▶ Exercise aim
The answer must be only the lines below from the one holding "Vans Unisex Classic" down to the one holding "AK Fins and Handle Set", ends included, printed exactly; please omit all pictures.
:: Records shown
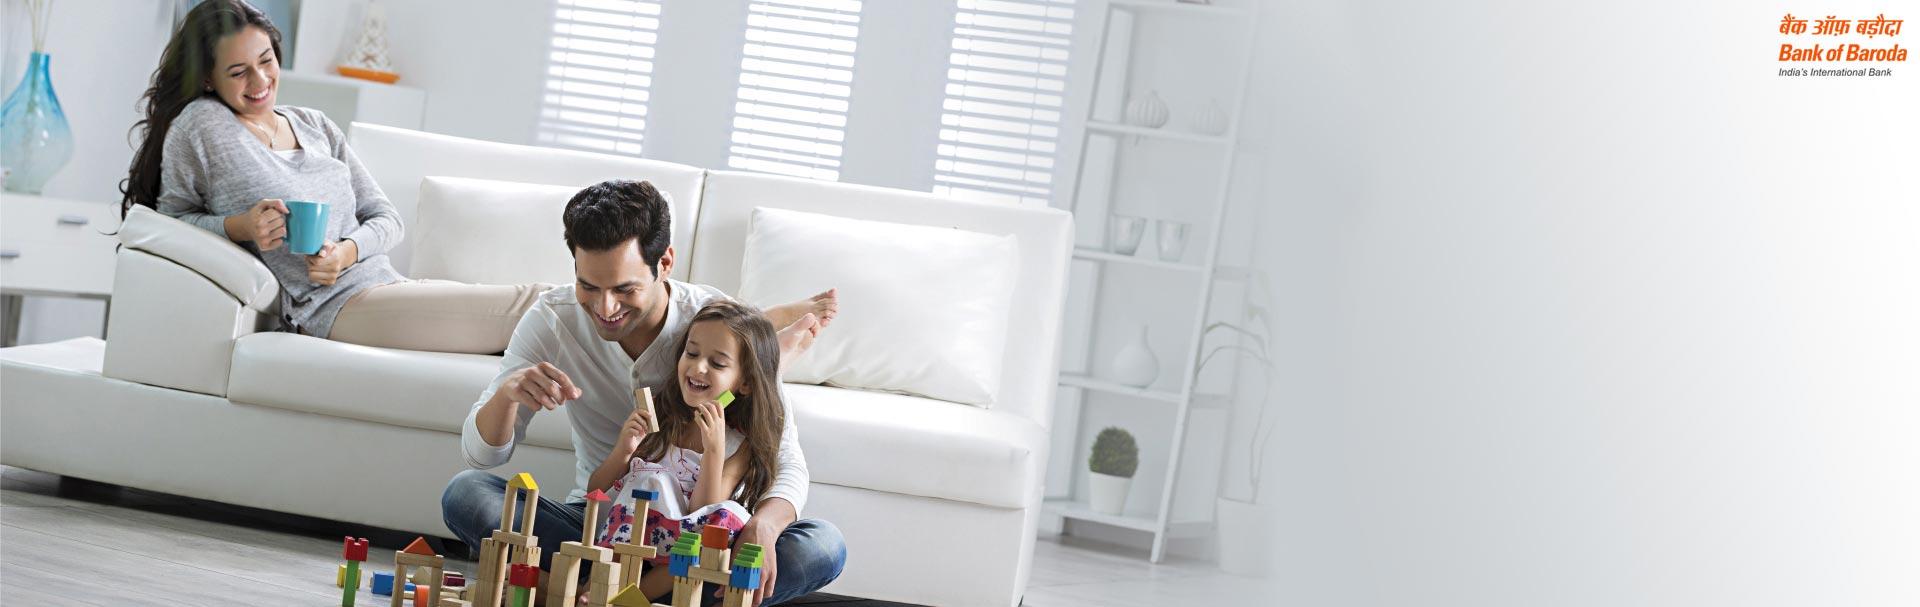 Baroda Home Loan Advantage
::::
:: Records shown
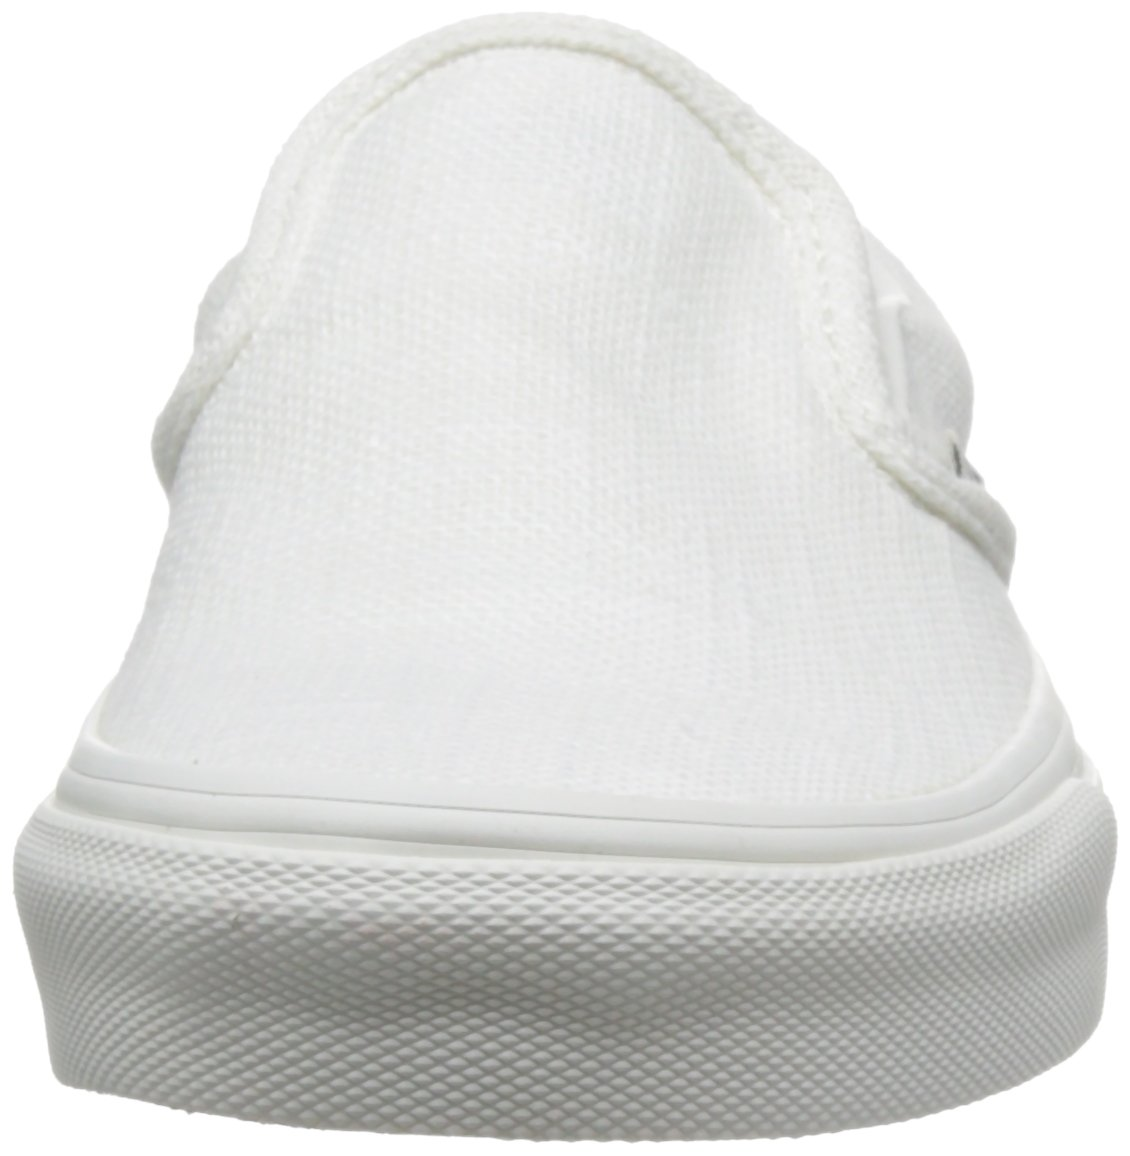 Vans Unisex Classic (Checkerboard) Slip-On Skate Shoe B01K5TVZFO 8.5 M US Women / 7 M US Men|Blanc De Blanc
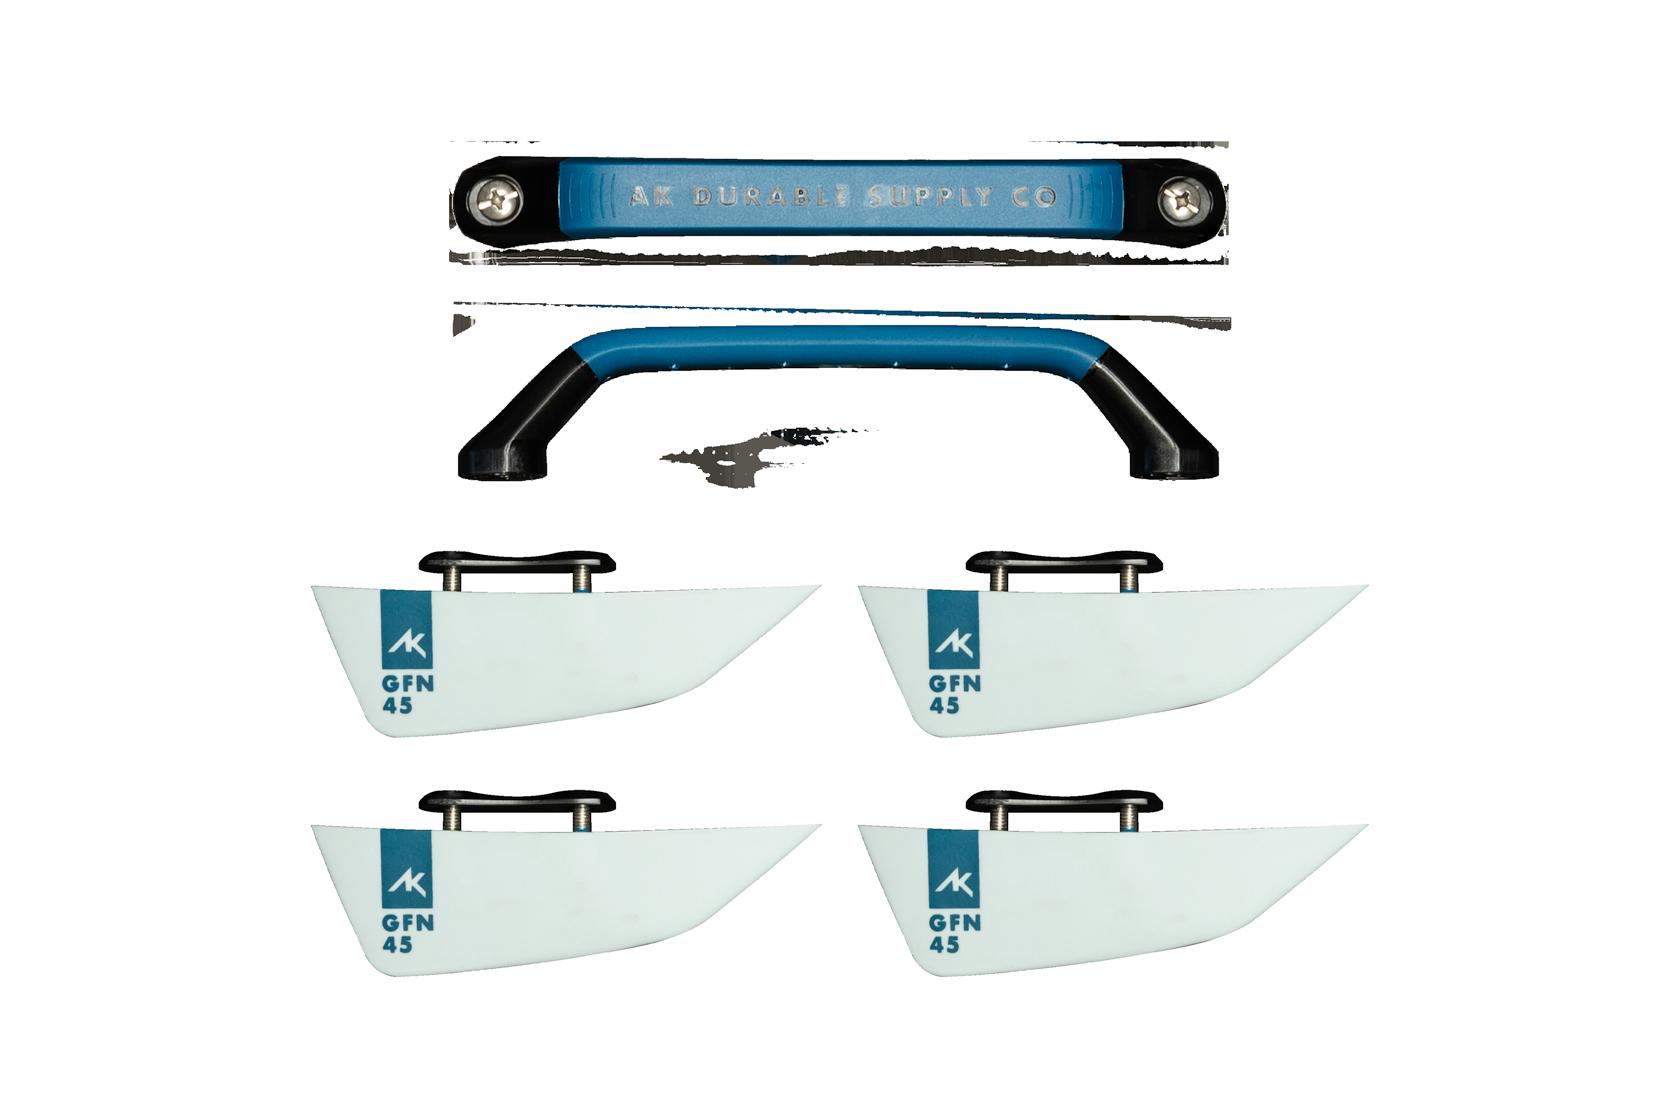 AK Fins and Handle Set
::::
▶ Response box
 Vans Unisex Classic (Checkerboard) Slip-On Skate Shoe B01K5TVZFO 8.5 M US Women / 7 M US Men|Blanc De Blanc
 AK Fins and Handle Set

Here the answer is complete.